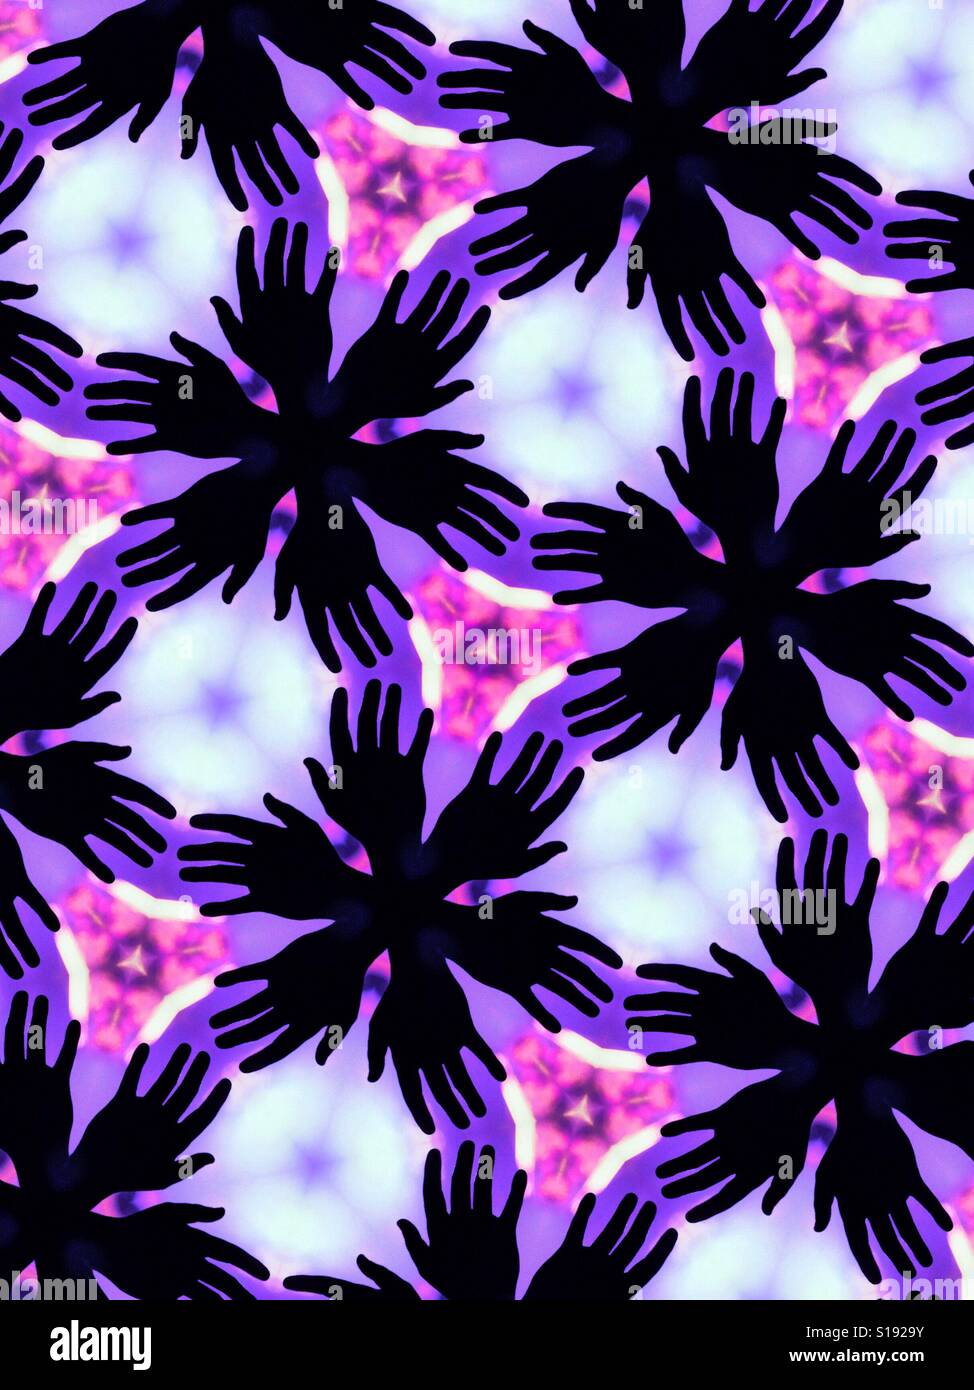 Ein abstraktes kaleidoskopartigen Bild von Silhouette ausgestreckten Händen vor einem lila Hintergrund Stockfoto
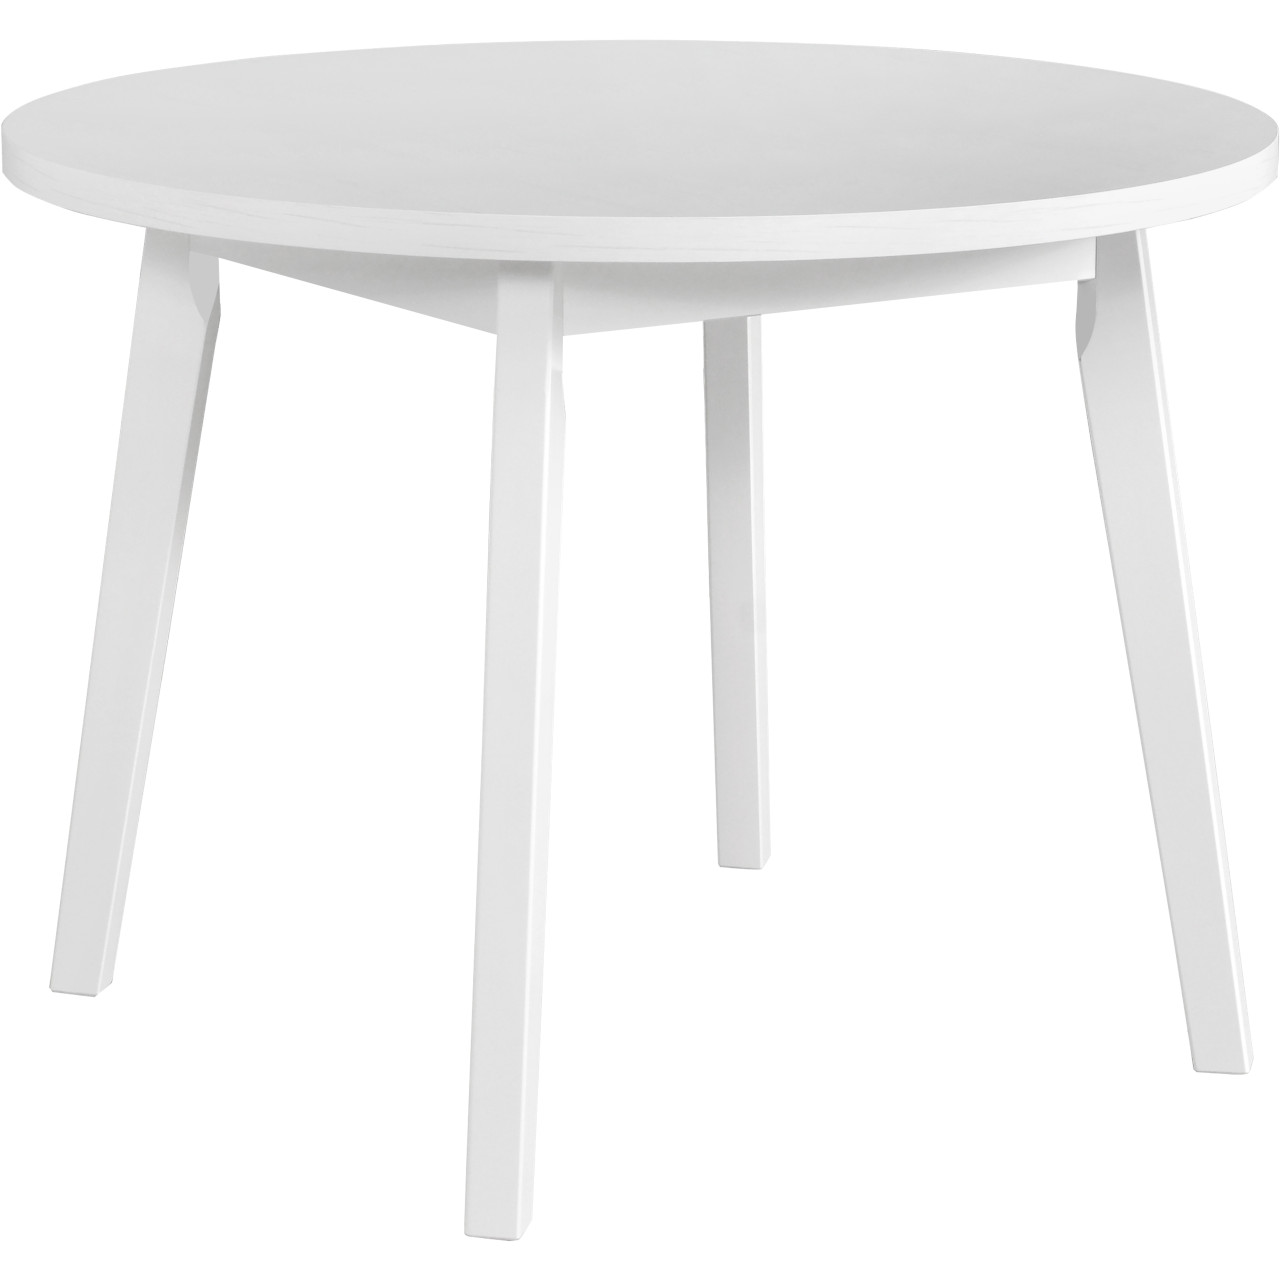 Table OSLO 3 100x100 white laminate
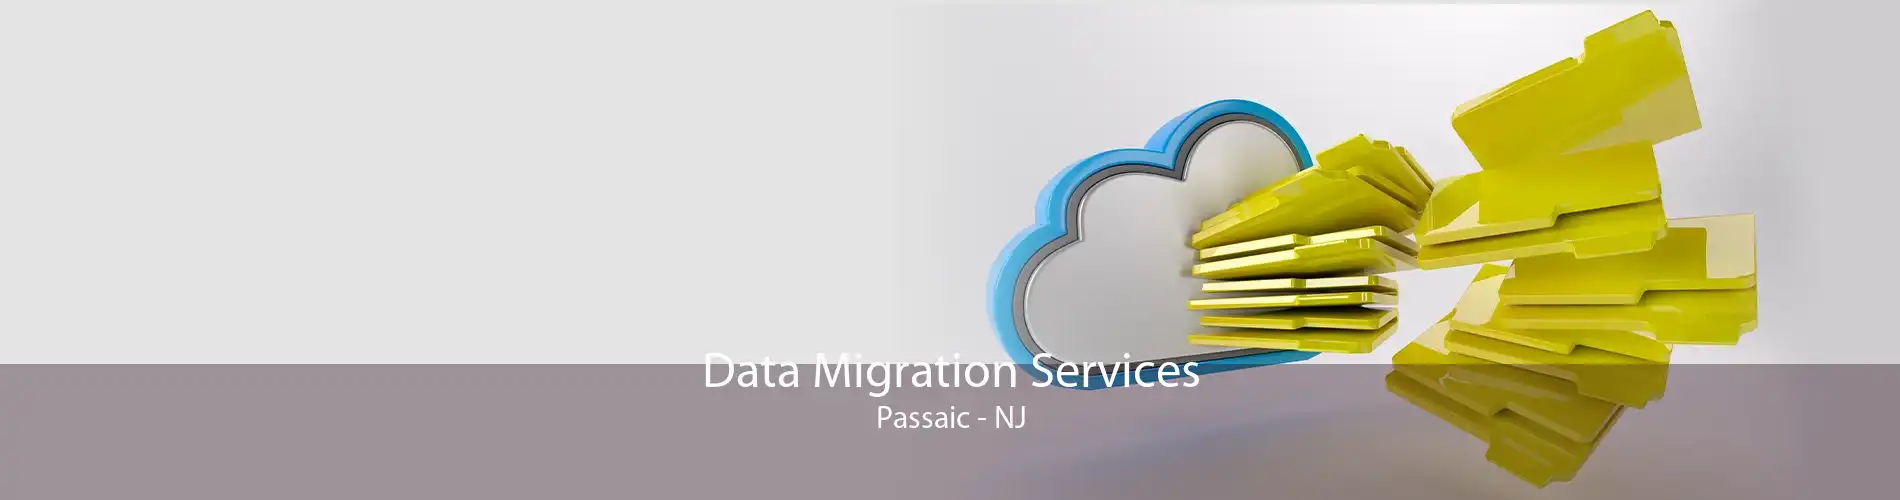 Data Migration Services Passaic - NJ

______________________________

Reproduce all the data as it stands. The pictures are not part of the copy.

> Solution to this exercise:
 Ein abstraktes kaleidoskopartigen Bild von Silhouette ausgestreckten Händen vor einem lila Hintergrund Stockfoto
 Table OSLO 3 100x100 white laminate
 Data Migration Services Passaic - NJ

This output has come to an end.